I have been thinking about this and have tried to find anything which would prevent me from doing this. Since the gold is pure and has been washed, there should be no chemicals to give off fumes. The only dangers I can think of are the mechanical ones of what happens if it spills? Am I over looking something here?


----------



## Lou (Nov 28, 2014)

Yes, if you are sure to use safe habits when handling molten metals, particularly by using seasoned molds that have been thoroughly heated and sooted. Ventilation still suggested.


For a moment, I thought this was a_ Marathon Man_ thread.


----------



## Anonymous (Nov 28, 2014)

Haha Lou. Nice one.

I once put some gold plated wire into a furnace indoors when I first started out, before I joined GRF, in a garage with the door open. I'm ashamed to admit that I did it but the damage I did to my lungs from the fumes took two months to clear up. Hardly surprising since (as I discovered later) it was a Beryllium alloy under the gold. It was a one off dose but the damage was bad, and fortunately I have no long term scarring but it was extremely unpleasant.

It's not something I'm proud of doing but suffice to say I never ever melt anything without proper precautions. 

Hope that provides a little insight, as embarrassing as it is to say it publicly.

Regards

Jon


----------



## bswartzwelder (Nov 28, 2014)

Thanks for the replies. I plan on doing this in an area that is well ventilated.

The plan is to first place a large metal tray maybe with a thin layer of sand on it. Then place a hot plate on/in that.
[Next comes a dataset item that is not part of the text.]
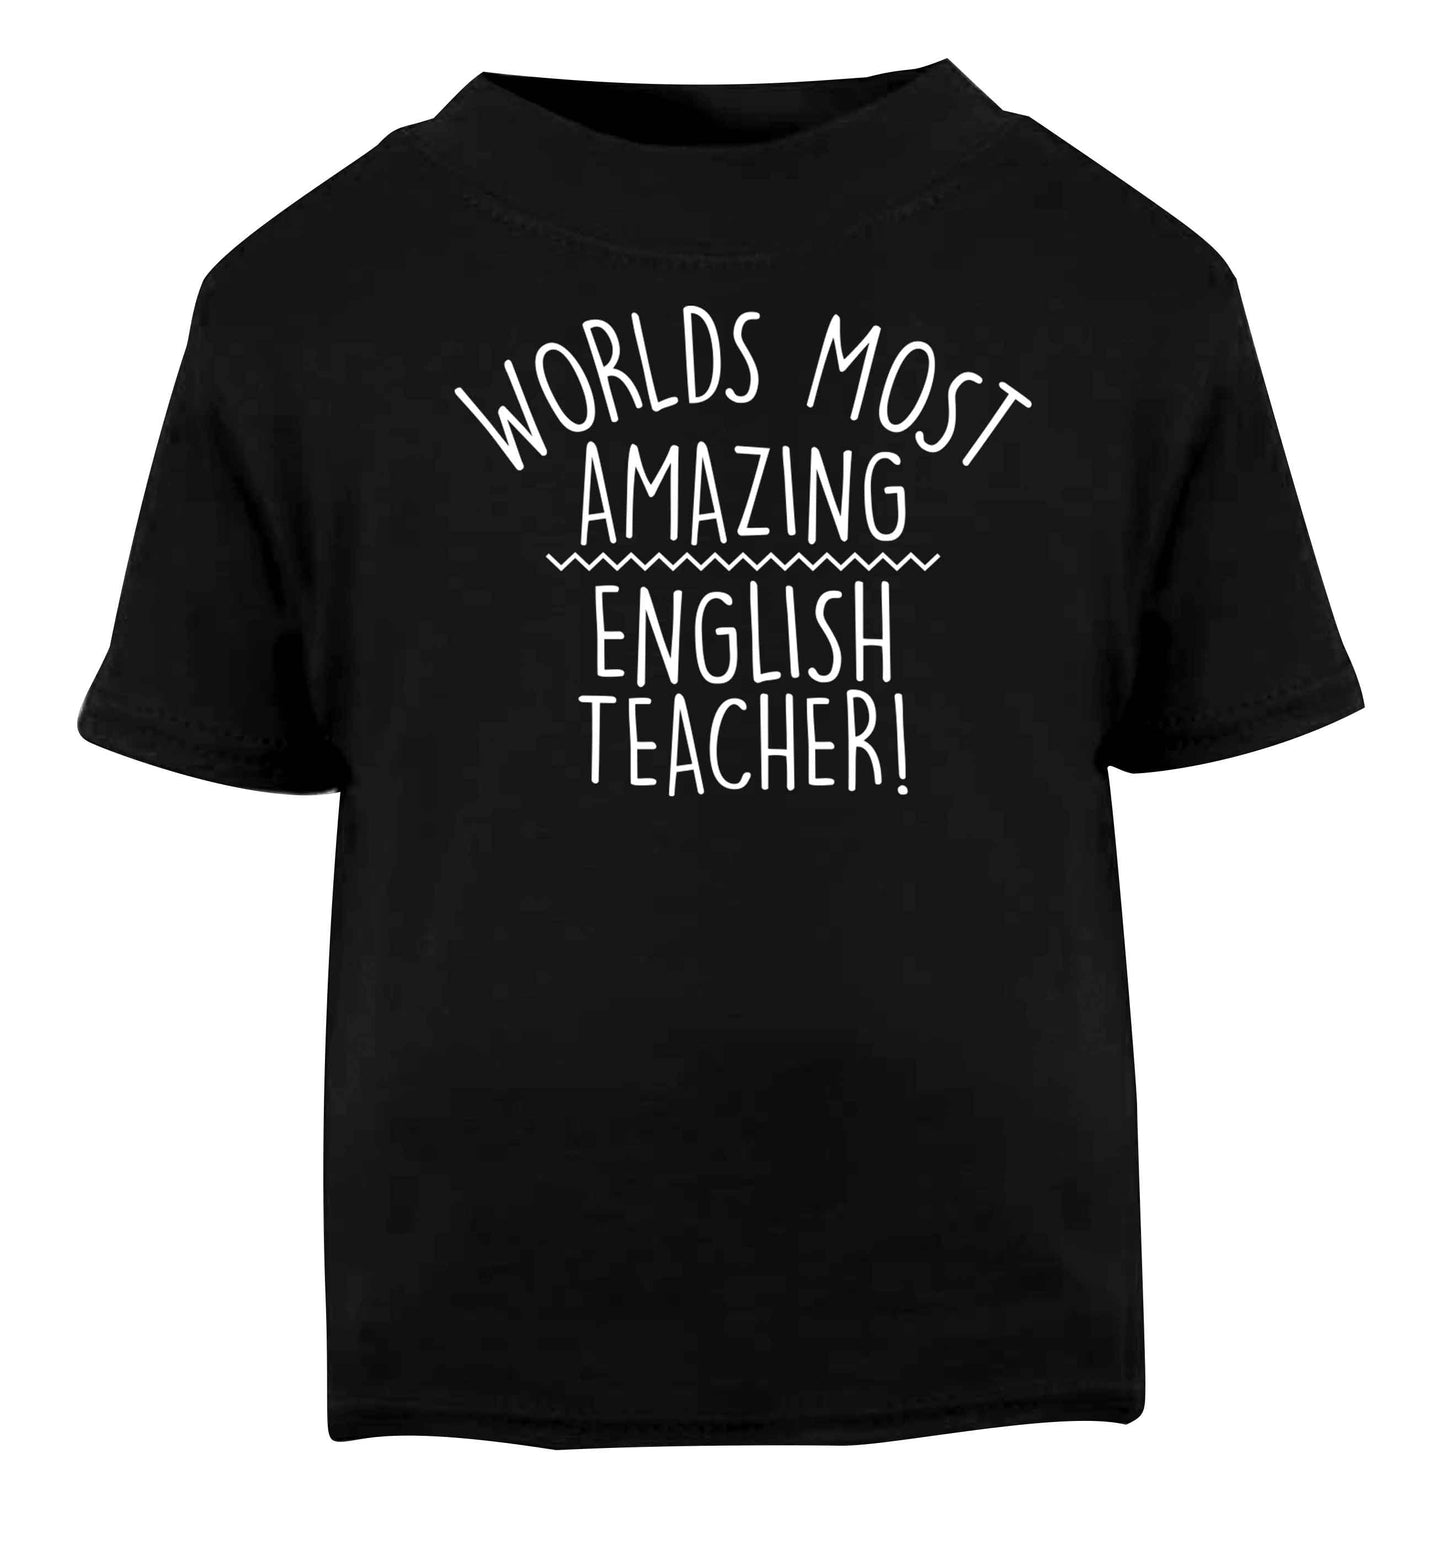 Worlds most amazing English teacher Black baby toddler Tshirt 2 years

On top of the hot plate will be my mold (it's graphite). That will heat the mold . Next put my gold powder into the furnace and set the temperature to 2000 degrees. After 30 minutes, remove the cap from the furnace and pour. An alternative would be to use tongs and just remove the part from the furnace which contains the gold and pour using the tongs.


----------



## FrugalRefiner (Nov 28, 2014)

Jon,

Since you've "come out" about your experience, how about describing it over in the Why Can't I Ask a Simple Question and get a Simple Answer? thread? It's another good example for new members.

Dave


----------



## Anonymous (Nov 28, 2014)

Sure Dave I'll do that.


----------